It's YOUR time - get moving!
One year ago on my birthday I left work feeling frustrated, annoyed and kind of hopeless with my work situation. My so-called partner had basically ignored my birthday. He said happy birthday when he first came in and then didn't mention it again. He didn't mention it on the air. I didn't want to mention it myself. How sad is it to wish yourself a happy birthday? So, he went on with the show like it was any other day. When it was his birthday I mentioned it first thing so listeners could call up or text happy wishes to him. I brought him breakfast and treats and balloons. I mentioned it all through the show that day so he could be celebrated.
So, why wouldn't he do the same for me? I believe it was because he was a bitter, resentful person who couldn't stand for anyone to get more attention than himself. He did finally say it was my birthday at the last break of our show. I guess he felt it would be too obvious if he didn't say anything at all. Have you ever worked with someone who was so bitter they couldn't even stand for other people to say happy birthday to you? It wasn't a good working condition.
As most of you know my story, I was asked to leave this job a few short months later. This came as a shock. At the very least I didn't have to work with or even see bitter guy anymore. After working in the radio business for 20 plus years this wasn't something unusual. I'd gone through it before but this time hurt. I had tried so hard to make things work with this guy and no matter what I did, he just wanted to work against me rather than with me. I talked to management about it several times and they seemed to agree with me but we were both let go for some reason. I decided I didn't want to put myself in a position to let other people decide my fate regardless of how I hard I worked and the sacrifices I made in order to put on an entertaining show every day.
I decided to make a change. I decided to go in a different direction. One I would be in charge of. I would be the one to determine the content. I would be the one to decide when it would air and how much I wanted to share. I would be the one to do all the work. And I embraced it. I love it. I can't wait to do it everyday. One situation was the catalyst to all this change in my life. And since it was my birthday yesterday, I thought about where I was just one year ago. And boy, does my life look a lot different. But in all the very best ways.
It has been a lot of work. There has been a lot of uncertainty. There have been big steps forward and many steps back.

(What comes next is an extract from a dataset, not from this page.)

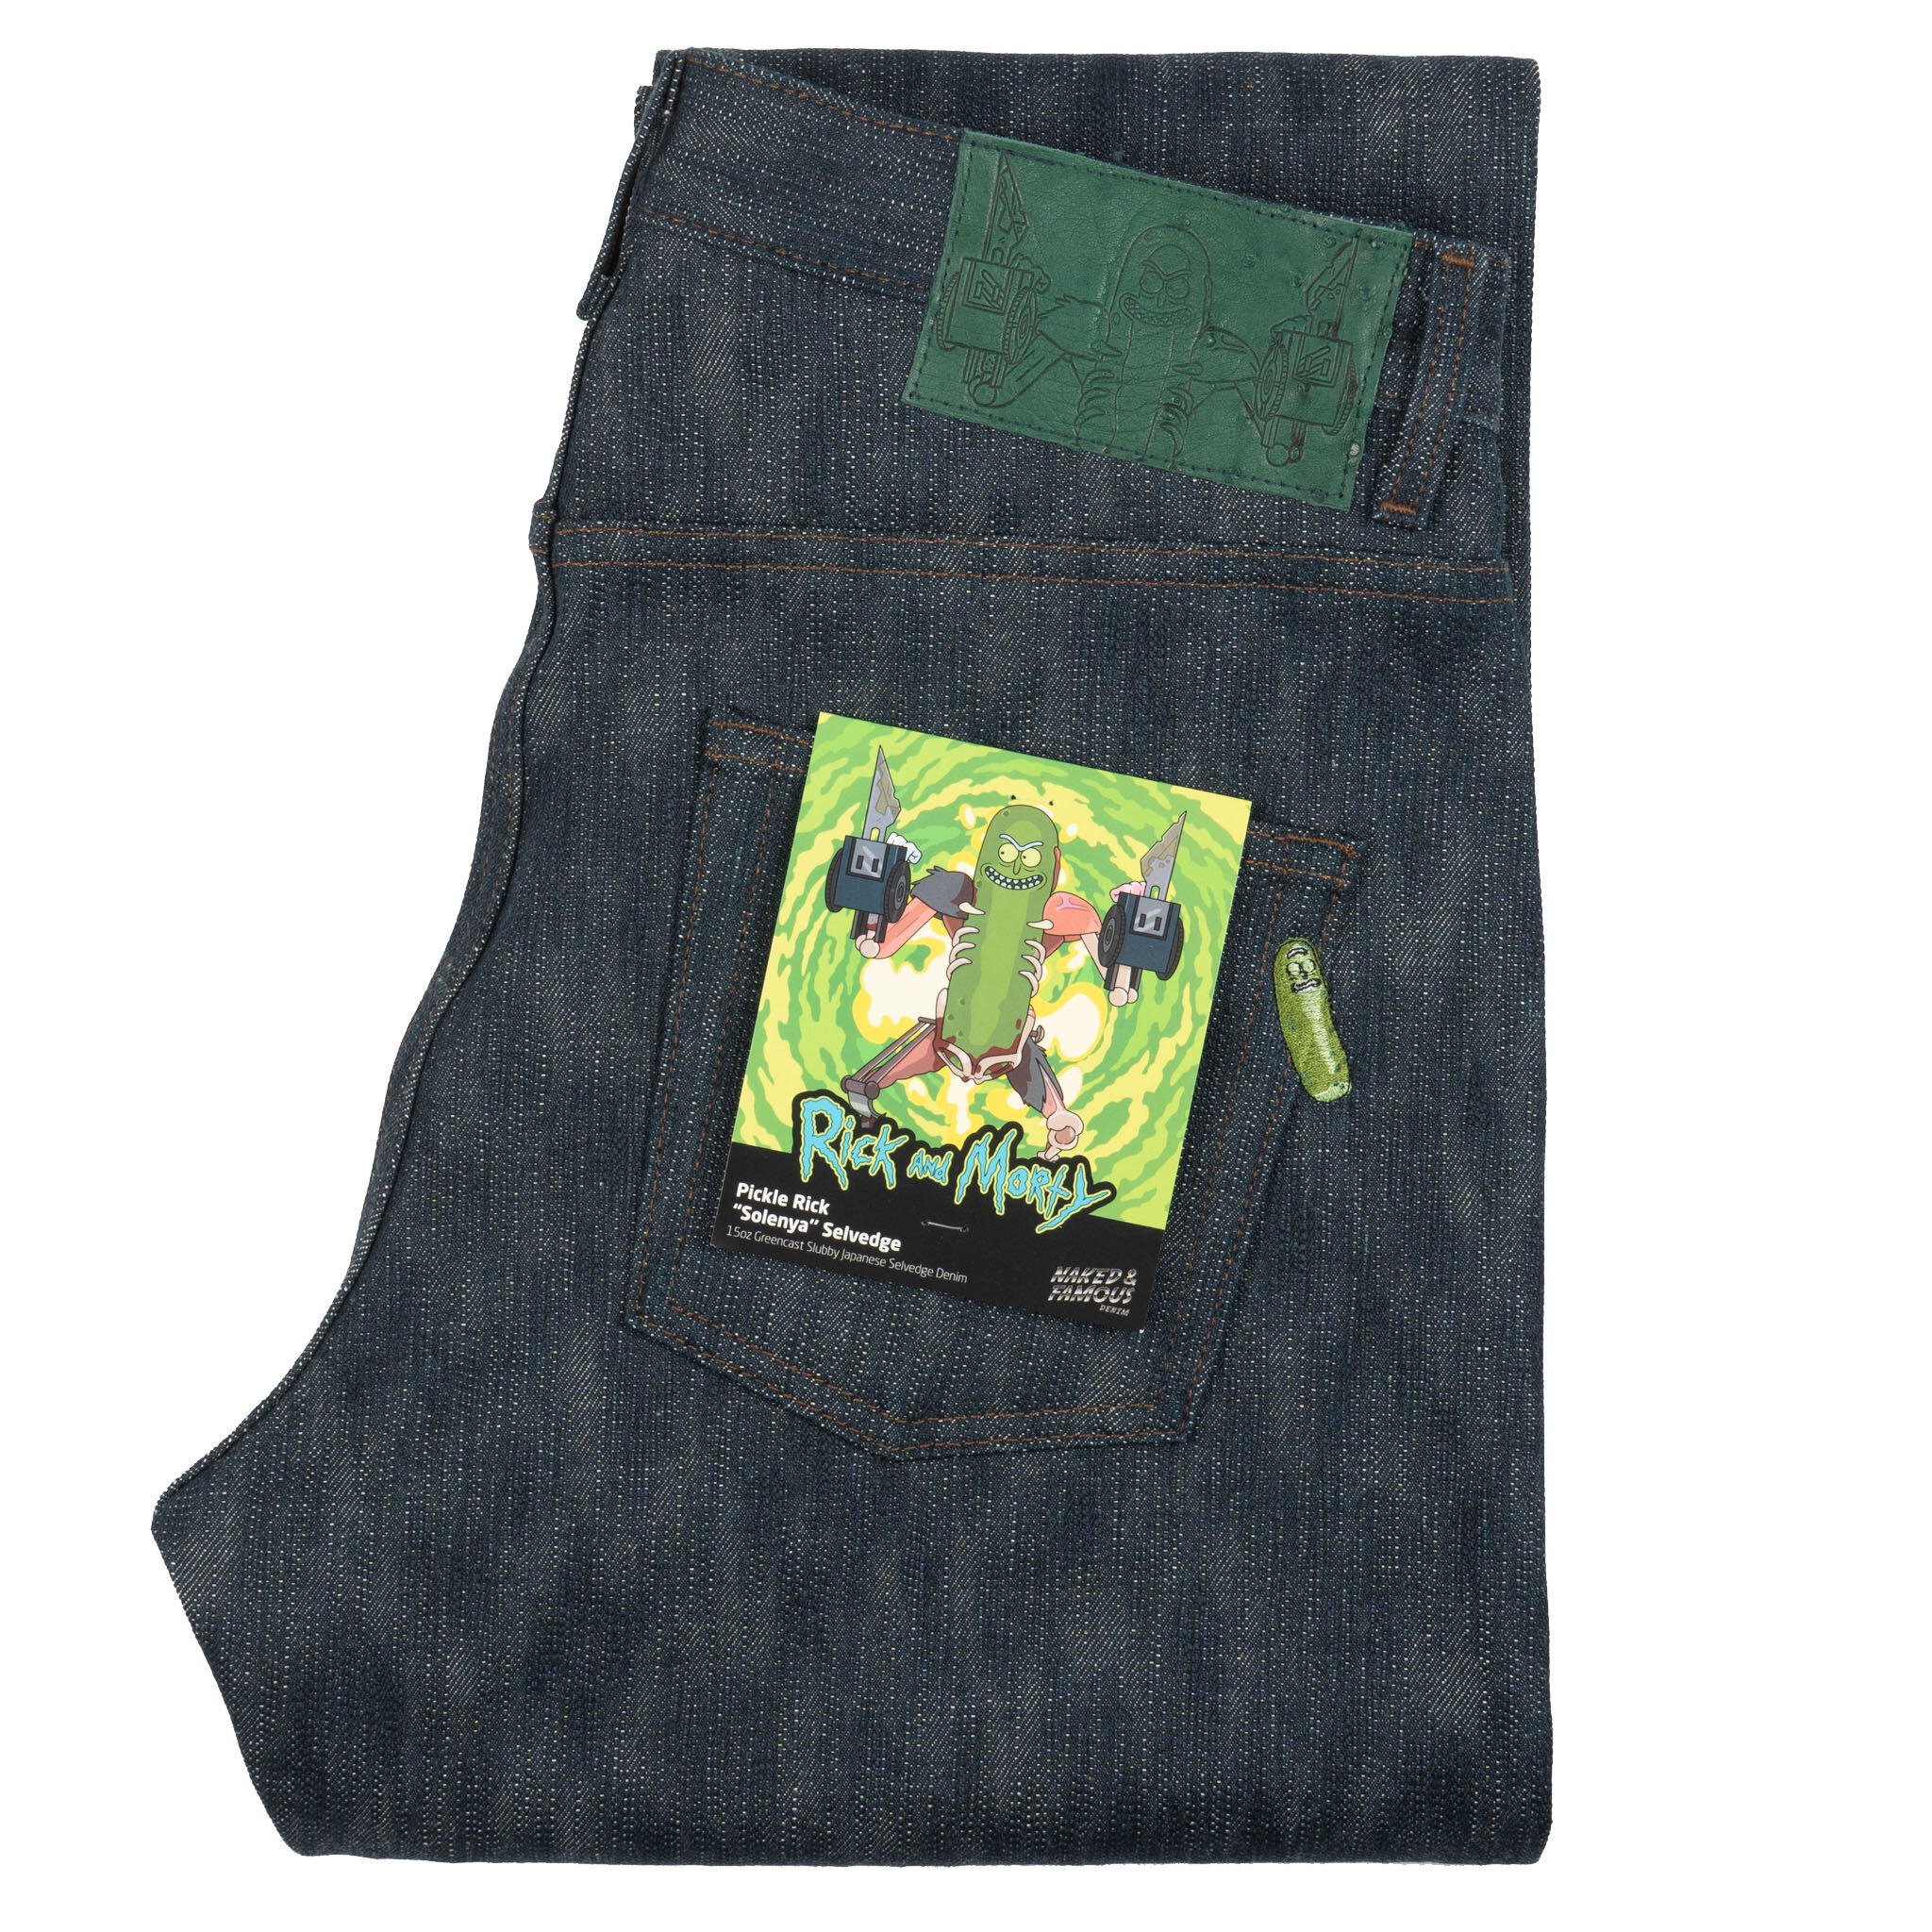  Picckle Rick “Solenya” Selvedge jeans - folded

There have been times that I wonder if what I'm doing will ever take off. But mostly, I feel deep inside myself that this is what I'm supposed to be doing. And every time I get a message or post from someone telling me what I said really resonated with them I know I am exactly where I am supposed to be.
Don't misunderstand. This is a lot of work. I have challenged myself in ways I never thought. I have pushed myself to do things I never thought I could, things I never thought I would have to do. But I push forward and it's so rewarding. This time last year I was part of a team. A very dysfunctional team. Now, I am the Hopefulist!
Because here is the thing. You are in control of your life. You can go anywhere you want. You can live anywhere you want. You can do any type of work you want. You can be whatever you want to be. Don't tell yourself excuses for why you can't. You can. That is your fear talking. Don't give in to fear. Your fear wants your life to mediocre so it can rest of it's couch and not have to do anything. Don't let fear be lazy. Don't you be lazy and get fear out of the barcalounger. Fear will be your friend through the process of major change. Learn to work with fear and you will go places you never thought you could go.
Life is short. We should be charging toward our dreams instead of putting them off to next year. To when we have more time, when we have more money, when we have more energy. None of these things are going to get better until you do! Do what makes your heart sing. Why would we want to spend any of our days not being as happy as we can possibly be?
It is I wish it were cocktail Friday, Thursday. It is almost the weekend. I hope you can take one little step toward the life of your dreams today. It all starts with one step. Now, go make today your best day yet!